[Extracted entries Boundary: Start]
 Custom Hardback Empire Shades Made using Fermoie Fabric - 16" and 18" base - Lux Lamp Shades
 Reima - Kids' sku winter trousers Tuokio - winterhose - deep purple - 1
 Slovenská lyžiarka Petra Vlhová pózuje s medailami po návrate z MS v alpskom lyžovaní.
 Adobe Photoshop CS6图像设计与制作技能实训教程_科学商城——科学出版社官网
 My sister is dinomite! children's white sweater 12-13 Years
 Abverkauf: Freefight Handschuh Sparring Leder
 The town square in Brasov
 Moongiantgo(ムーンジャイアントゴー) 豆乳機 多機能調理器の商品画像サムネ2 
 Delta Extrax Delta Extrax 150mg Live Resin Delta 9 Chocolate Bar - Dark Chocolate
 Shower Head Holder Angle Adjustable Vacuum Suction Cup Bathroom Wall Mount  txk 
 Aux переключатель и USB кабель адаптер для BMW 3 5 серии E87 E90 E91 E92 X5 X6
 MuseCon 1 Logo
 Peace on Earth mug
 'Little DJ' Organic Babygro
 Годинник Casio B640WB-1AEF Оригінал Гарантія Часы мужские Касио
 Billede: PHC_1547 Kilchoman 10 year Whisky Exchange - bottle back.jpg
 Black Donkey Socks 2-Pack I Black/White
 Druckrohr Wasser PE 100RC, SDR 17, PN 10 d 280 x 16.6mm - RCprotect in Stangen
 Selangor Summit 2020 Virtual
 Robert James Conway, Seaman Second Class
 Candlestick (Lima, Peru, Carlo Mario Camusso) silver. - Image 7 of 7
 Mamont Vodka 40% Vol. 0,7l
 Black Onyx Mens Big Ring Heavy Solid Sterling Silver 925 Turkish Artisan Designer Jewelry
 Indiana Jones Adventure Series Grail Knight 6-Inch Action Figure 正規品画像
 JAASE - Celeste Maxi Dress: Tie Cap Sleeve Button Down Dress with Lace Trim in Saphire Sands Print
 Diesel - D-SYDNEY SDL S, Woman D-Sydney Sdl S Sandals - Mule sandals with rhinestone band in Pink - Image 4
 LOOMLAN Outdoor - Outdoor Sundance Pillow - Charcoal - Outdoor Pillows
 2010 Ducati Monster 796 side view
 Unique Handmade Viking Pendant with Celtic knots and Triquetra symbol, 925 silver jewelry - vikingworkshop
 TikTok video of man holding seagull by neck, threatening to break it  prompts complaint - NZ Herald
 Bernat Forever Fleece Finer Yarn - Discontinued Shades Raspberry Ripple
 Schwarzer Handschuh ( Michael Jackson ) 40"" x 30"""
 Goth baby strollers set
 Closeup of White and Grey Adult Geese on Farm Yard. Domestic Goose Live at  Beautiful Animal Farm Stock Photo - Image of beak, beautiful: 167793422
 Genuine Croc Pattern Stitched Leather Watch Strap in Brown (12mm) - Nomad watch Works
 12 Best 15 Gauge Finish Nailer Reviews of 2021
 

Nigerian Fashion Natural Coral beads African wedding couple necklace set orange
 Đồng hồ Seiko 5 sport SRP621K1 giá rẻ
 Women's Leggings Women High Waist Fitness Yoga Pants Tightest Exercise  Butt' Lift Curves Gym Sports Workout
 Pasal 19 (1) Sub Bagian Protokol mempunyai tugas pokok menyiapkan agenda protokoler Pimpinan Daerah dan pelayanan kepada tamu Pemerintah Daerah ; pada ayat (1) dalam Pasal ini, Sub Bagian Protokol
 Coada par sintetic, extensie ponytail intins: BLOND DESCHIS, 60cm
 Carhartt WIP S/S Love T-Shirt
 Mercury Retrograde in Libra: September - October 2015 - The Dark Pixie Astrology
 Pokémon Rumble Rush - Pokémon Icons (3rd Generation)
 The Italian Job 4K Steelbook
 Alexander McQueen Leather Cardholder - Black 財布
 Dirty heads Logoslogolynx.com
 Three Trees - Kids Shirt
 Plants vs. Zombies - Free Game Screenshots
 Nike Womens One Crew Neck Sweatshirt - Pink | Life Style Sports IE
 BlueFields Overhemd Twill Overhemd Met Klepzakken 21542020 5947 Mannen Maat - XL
[Extracted entries Boundary: End]
- [Exercise goal]
Check each line above for the string "Leather" and show the ones that have it.

- [Response area]
 Genuine Croc Pattern Stitched Leather Watch Strap in Brown (12mm) - Nomad watch Works
 Alexander McQueen Leather Cardholder - Black 財布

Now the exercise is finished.